**What needs to be done**
Begin at the line containing "Redken Acidic Bonding" and give again every line to the end of the records, exactly, without the pictures.

----------

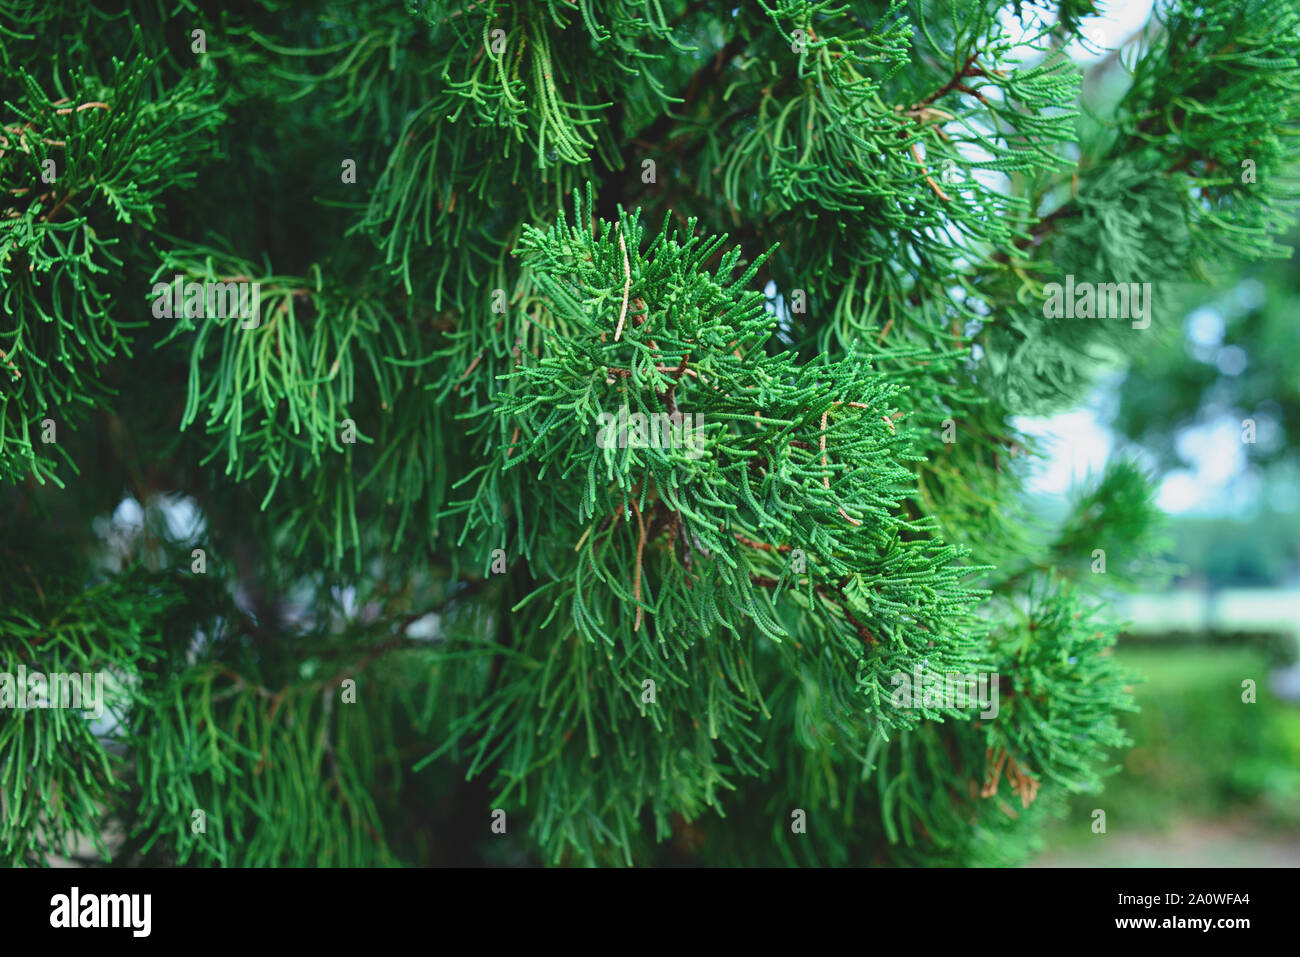 Thuja tree branches, thuja occidentalis evergreen coniferous tree. Stock Photo
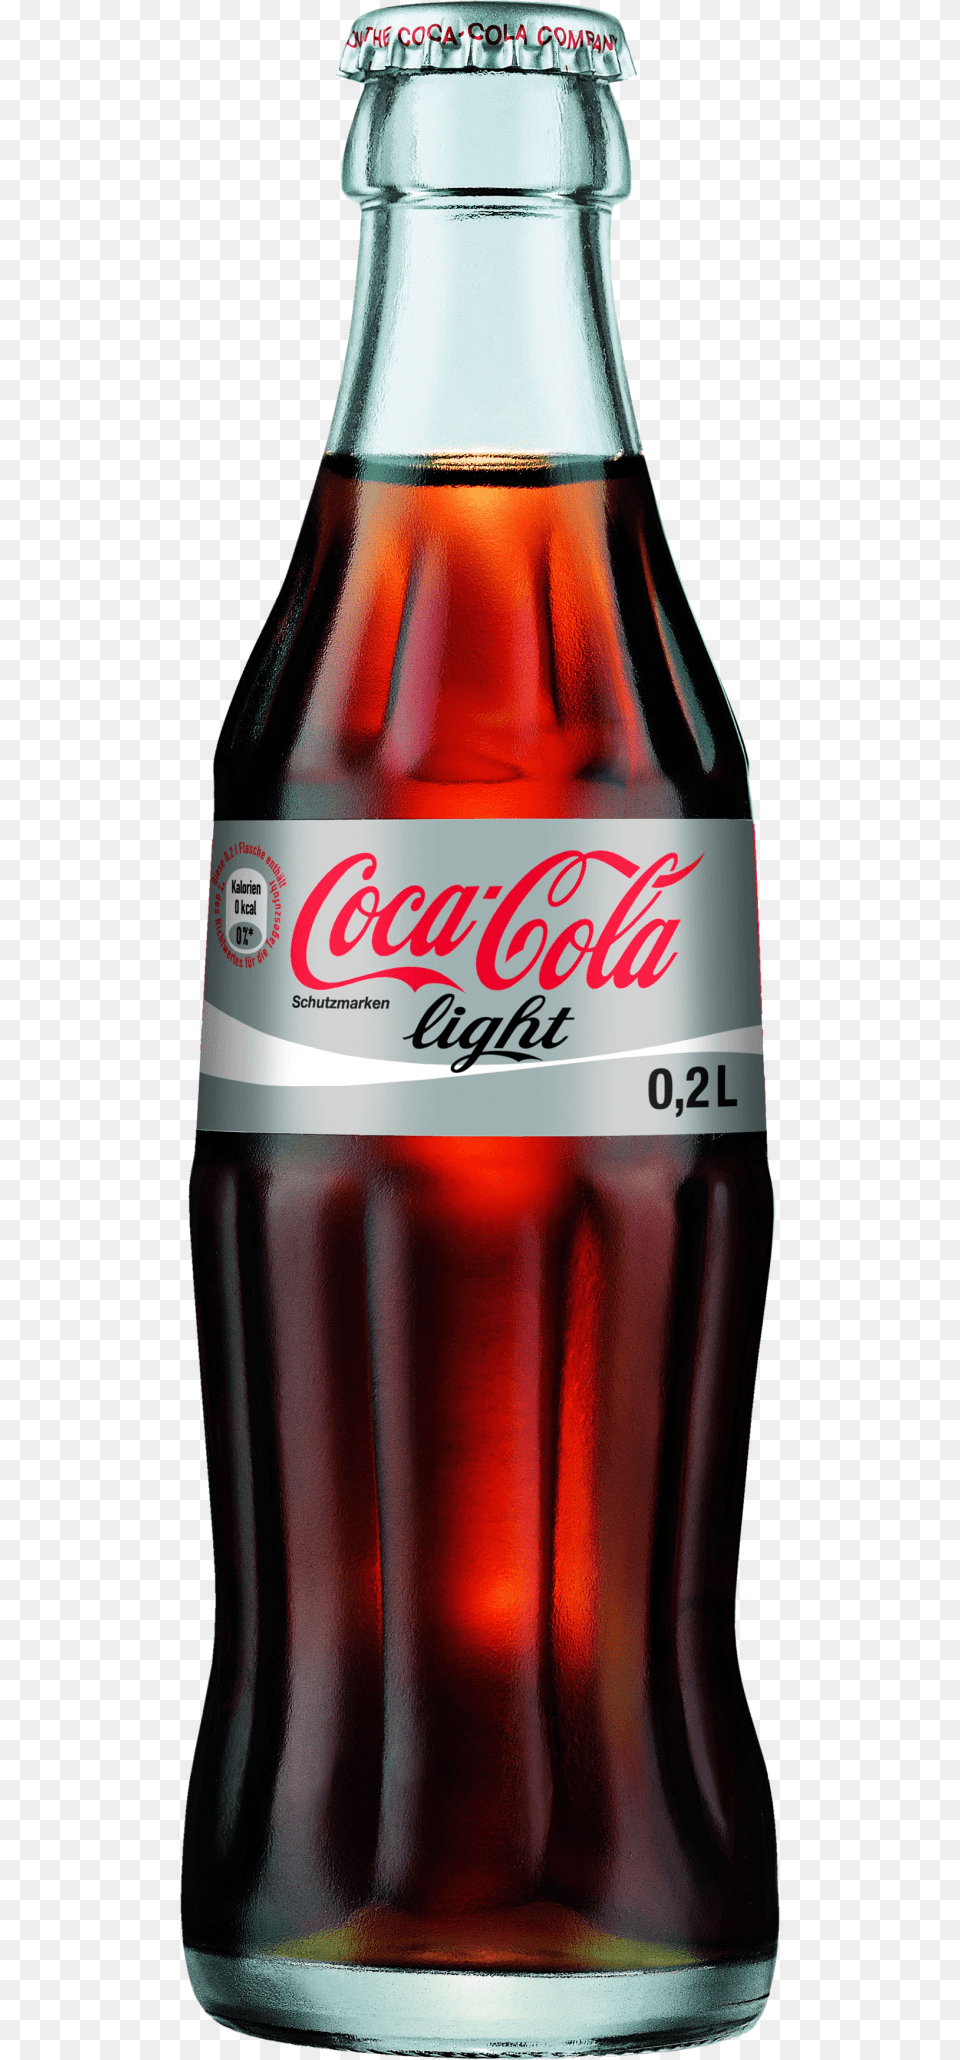 Cocacola Free Download Coca Cola Zero Bottle, Beverage, Coke, Soda, Alcohol Png Image
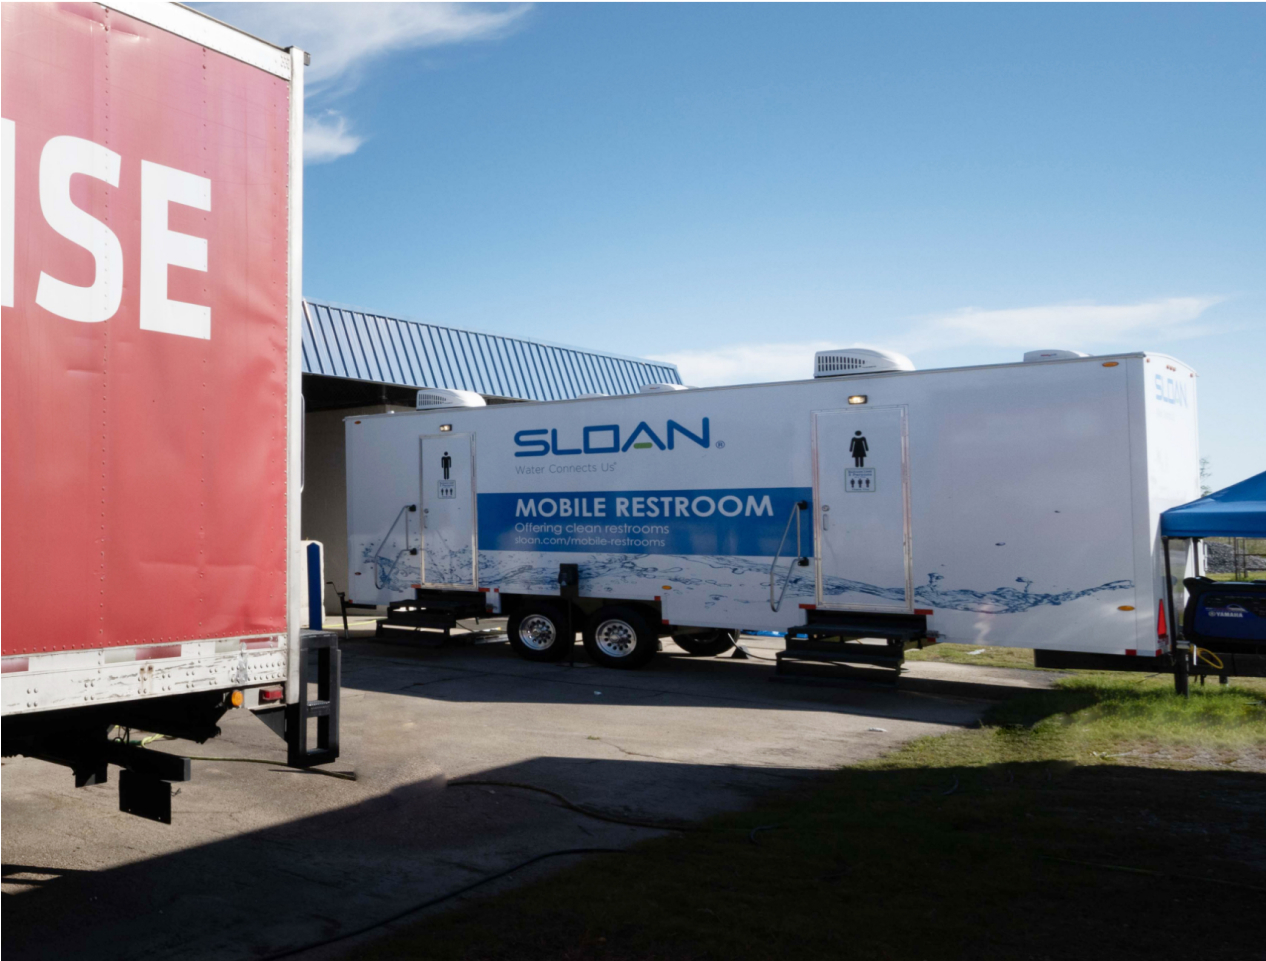 Sloan Mobile Restroom Truck
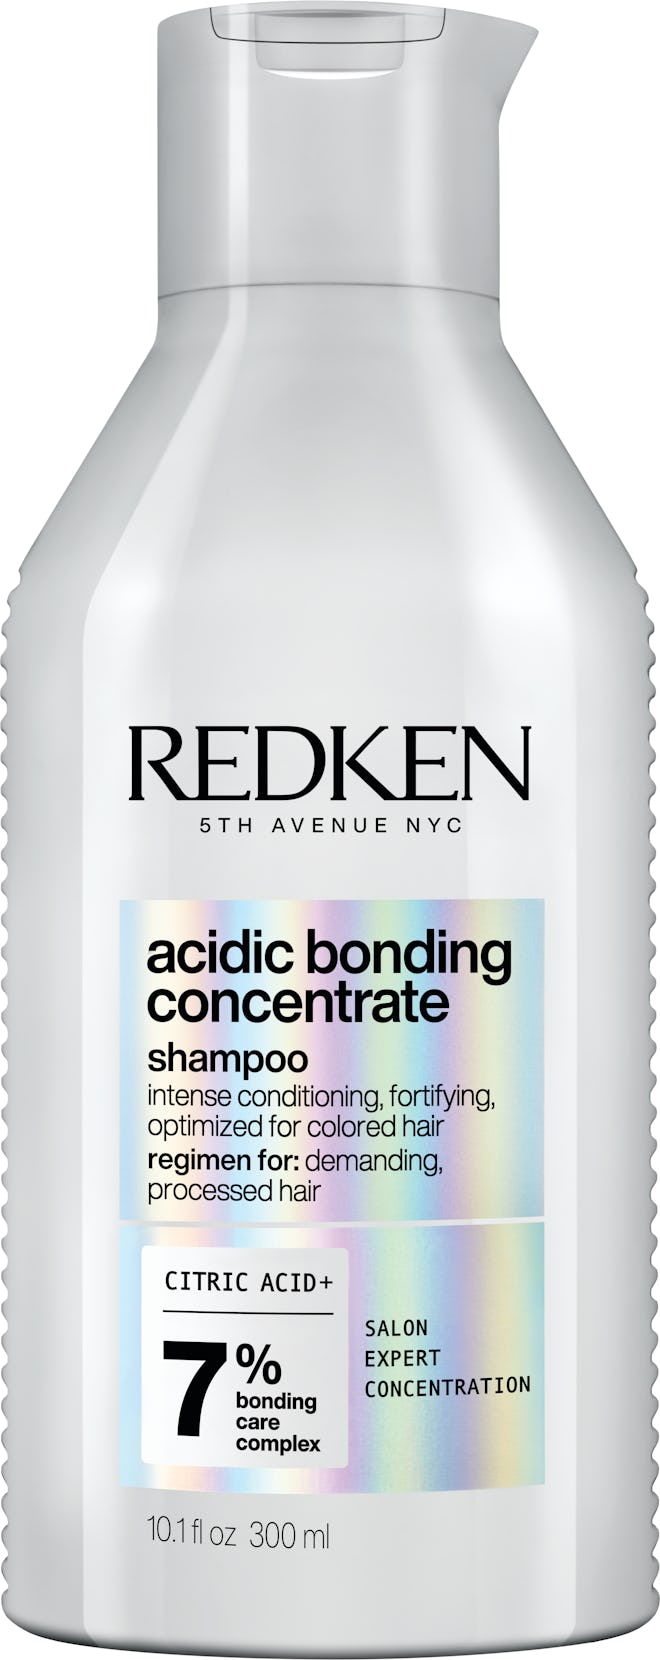 Redken Acidic Bonding Concentrate Shampoo and Conditioner 
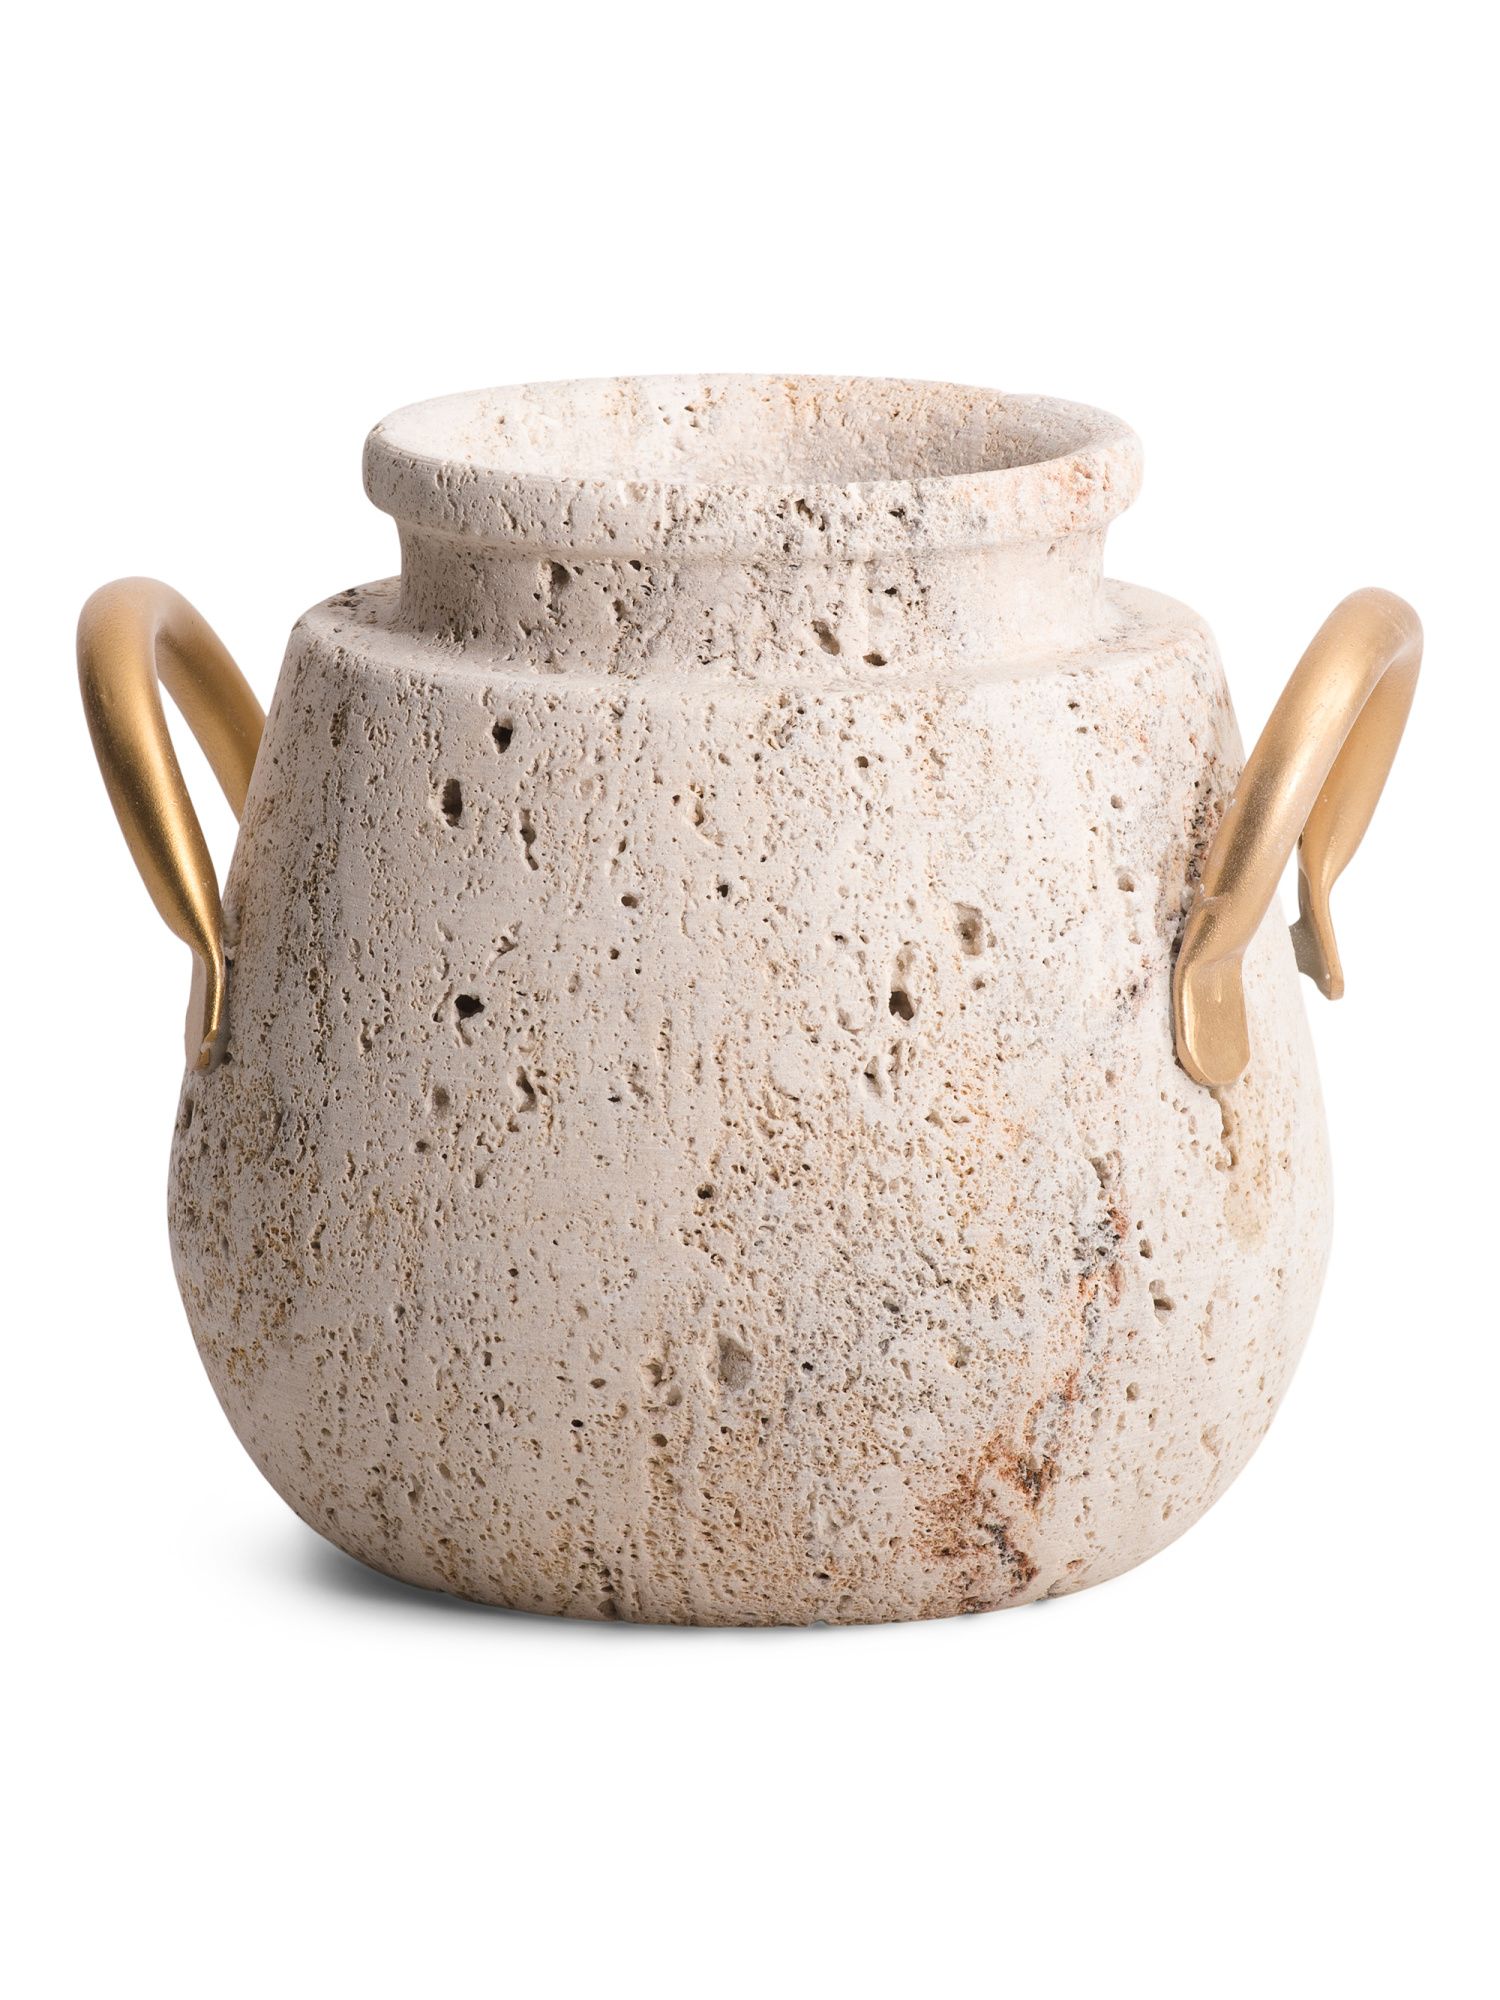 8in Travertine Stone Vase With Handles | TJ Maxx

----------

**Answer space**
 Redken Acidic Bonding Concentrate Shampoo and Conditioner 
 8in Travertine Stone Vase With Handles | TJ Maxx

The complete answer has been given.